Au pas nonchalant des chevaux de trait qui halaient le coche d’eau depuis la berge, nous descendîmes le Brenta bordé sur tout son cours des plus riches villégiatures de Vénétie, croisâmes deux barques pavoisées pour une partie de plaisir sur la rivière au son des barcarolles, passâmes devant la villa Pisani à Stra puis la villa Contarini à Mira, où moi à ses côtés, le fresquiste incomparable qu’était mon père s’était tant illustré.
À Fusina, dernier poste sur la Terre ferme, je pris le traghetto pour Venise. L’air sur la Lagune était attiédi par la douce haleine du sirocco. Bientôt apparurent les campaniles dressés en oriflammes au-dessus de la Dominante. Flottant sur la plaine des eaux dans la demi-brume qu’exhalait la chaleur de ce dimanche de septembre, Venise venait vers moi. Elle m’avait attendu, ma patrie fidèle, ma Perle adriatique, la Vénus anadyomène. Je le regardais avec mes rêves.
Débarquant du traghetto, tandis qu’un saute-ruisseau portait un billet chez les miens à Santa Fosca pour avertir de mon arrivée, j’avisai une gondole de venir à couple et, mes malles et mes effets déposés dans le felze, la cabine de bord, nous partîmes pour Saint-Marc.

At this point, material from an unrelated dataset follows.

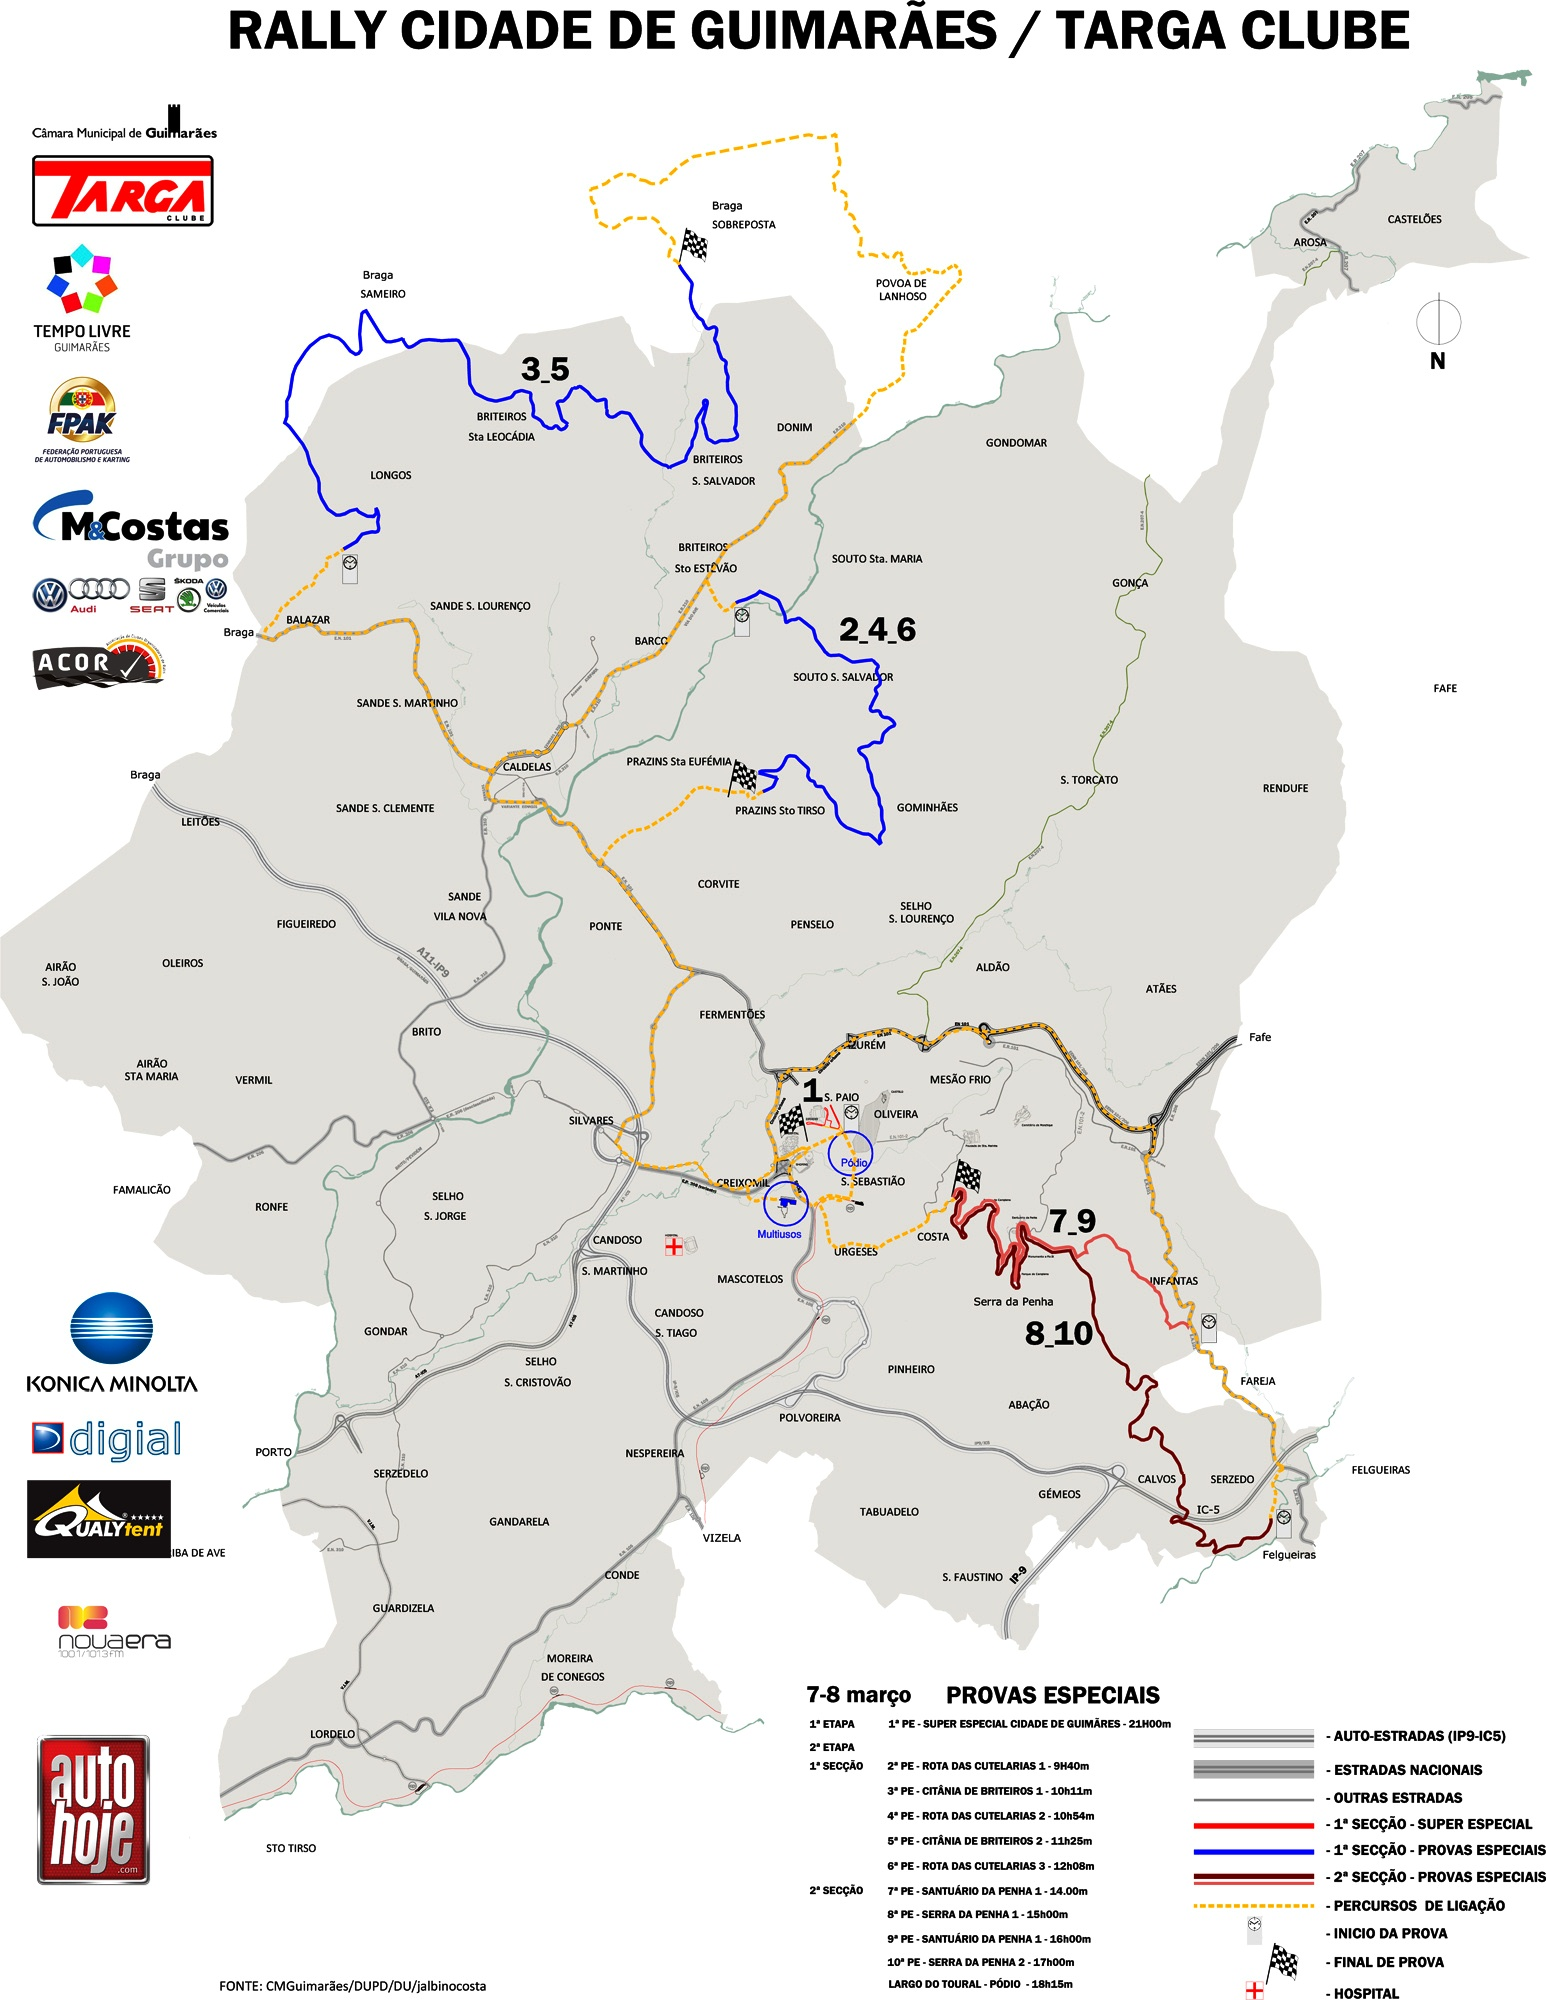 mapa rali portugal Mapa Rali Cidade de Guimarães 2014 mapa rali portugal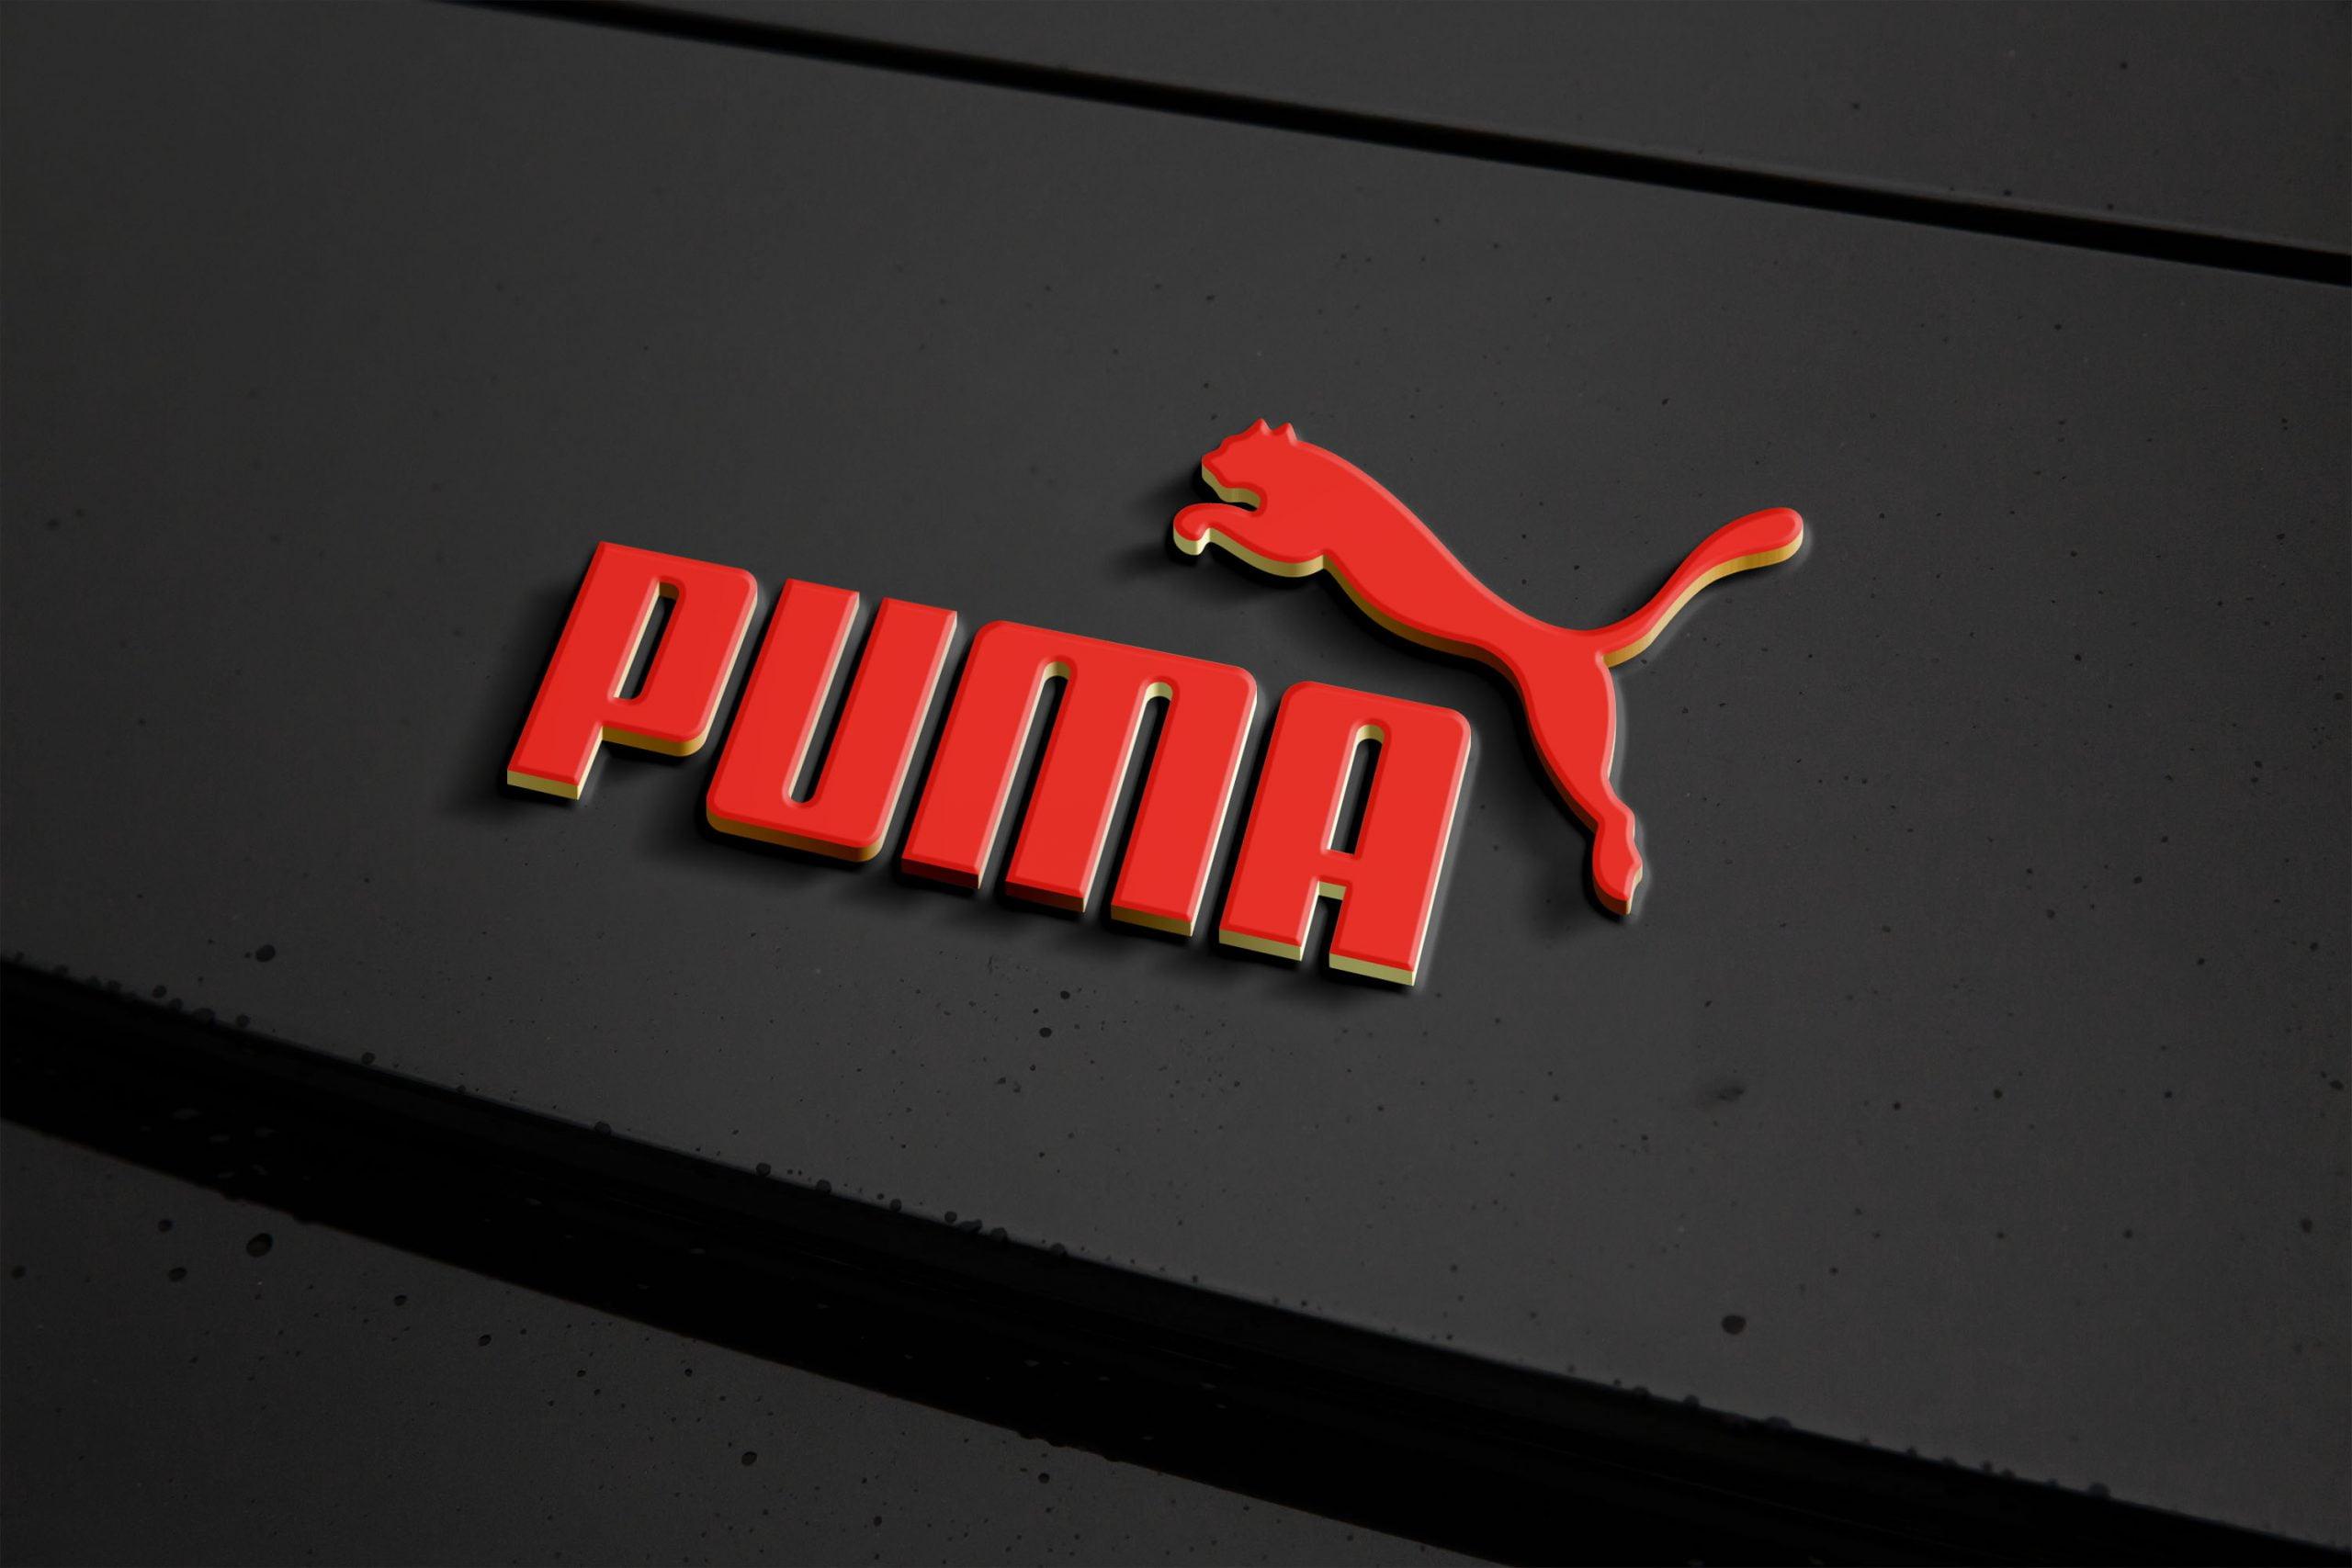 Metal Logo Effect Mockup Puma

Parmi les édifices innombrables qui bordent à ce toucher cette plus belle rue du monde qu’est le Grand Canal, passant devant les Sclazi dont la voûte est ornée du Transport de la maison de la Vierge à Lorette puis le palais Labia et son Banquet de Cléopâtre, je me pris à guetter les palais et les sanctuaires abritant une oeuvre de mon père, à mesure que la gondole se frayait un chemin au milieu des embarcations de toutes sortes, péottes, caorlines, taranes, lents chalands de labeur, topi et sampierote avec leur voile au tiers (…)
À mesure que je croisais chacun de ces conservatoires du génie paternel, jaillissaient sous mes yeux le tableau, le retable, la fresque abrités derrière ces augustes façades. Tant d’oeuvres d’un même virtuose se faisant cortège au long du Grand Canal (…)
Sans jamais qu’il l’eût représentée, Venise avait trouvé en Tiepolo, comme le divin Titien jadis, son reflet le plus pur.